• [Aim of the exercise]
Lines in the records below that contain the word "dans" must each be copied.

• [Data records]

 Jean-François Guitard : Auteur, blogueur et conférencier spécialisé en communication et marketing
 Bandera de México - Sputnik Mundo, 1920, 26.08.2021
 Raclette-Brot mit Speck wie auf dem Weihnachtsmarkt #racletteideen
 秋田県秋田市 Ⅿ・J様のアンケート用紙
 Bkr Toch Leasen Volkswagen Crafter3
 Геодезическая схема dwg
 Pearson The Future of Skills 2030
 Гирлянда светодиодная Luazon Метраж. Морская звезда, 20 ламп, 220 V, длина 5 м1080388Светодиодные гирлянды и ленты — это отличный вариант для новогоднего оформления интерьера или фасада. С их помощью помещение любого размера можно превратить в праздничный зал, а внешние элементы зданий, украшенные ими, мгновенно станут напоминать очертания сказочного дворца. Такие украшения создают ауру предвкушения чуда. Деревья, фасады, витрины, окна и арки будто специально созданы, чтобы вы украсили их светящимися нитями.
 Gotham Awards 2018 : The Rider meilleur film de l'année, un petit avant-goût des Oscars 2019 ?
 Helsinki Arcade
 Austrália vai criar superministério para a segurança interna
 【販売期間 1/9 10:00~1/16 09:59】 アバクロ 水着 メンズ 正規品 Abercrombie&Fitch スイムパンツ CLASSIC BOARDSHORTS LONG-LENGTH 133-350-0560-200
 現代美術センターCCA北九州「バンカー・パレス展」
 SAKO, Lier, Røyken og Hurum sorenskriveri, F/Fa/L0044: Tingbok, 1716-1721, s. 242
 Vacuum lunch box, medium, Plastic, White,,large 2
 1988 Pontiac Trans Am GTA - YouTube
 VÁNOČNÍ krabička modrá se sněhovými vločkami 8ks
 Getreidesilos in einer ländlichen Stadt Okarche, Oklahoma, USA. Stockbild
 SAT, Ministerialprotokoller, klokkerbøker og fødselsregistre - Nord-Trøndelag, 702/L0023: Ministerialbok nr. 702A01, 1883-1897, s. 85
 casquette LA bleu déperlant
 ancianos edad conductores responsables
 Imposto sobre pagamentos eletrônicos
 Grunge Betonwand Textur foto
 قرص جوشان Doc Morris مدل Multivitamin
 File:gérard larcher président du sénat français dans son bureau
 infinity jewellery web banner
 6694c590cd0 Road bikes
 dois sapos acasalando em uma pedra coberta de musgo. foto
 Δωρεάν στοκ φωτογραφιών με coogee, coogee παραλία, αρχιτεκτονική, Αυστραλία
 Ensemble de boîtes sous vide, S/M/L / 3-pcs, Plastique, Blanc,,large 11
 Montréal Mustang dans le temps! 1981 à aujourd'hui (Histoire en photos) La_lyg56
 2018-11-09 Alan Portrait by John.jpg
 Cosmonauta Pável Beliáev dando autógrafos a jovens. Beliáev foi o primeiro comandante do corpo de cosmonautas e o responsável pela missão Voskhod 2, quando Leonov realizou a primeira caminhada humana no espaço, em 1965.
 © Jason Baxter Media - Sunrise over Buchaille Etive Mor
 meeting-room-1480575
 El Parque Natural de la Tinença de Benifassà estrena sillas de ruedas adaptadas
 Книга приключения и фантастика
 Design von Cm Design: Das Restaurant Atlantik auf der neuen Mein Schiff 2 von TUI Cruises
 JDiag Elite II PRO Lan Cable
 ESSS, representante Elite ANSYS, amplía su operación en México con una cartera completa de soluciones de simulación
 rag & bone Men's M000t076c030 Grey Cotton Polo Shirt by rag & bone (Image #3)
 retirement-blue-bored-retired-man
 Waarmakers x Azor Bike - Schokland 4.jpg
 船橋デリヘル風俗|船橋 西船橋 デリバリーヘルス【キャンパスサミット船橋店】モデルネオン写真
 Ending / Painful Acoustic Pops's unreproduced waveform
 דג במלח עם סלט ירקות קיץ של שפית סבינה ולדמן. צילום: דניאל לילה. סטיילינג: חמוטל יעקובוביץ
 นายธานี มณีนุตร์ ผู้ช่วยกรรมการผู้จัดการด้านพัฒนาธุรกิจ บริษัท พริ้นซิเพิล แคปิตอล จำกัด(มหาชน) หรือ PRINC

• [Response to the exercise]
 File:gérard larcher président du sénat français dans son bureau
 Montréal Mustang dans le temps! 1981 à aujourd'hui (Histoire en photos) La_lyg56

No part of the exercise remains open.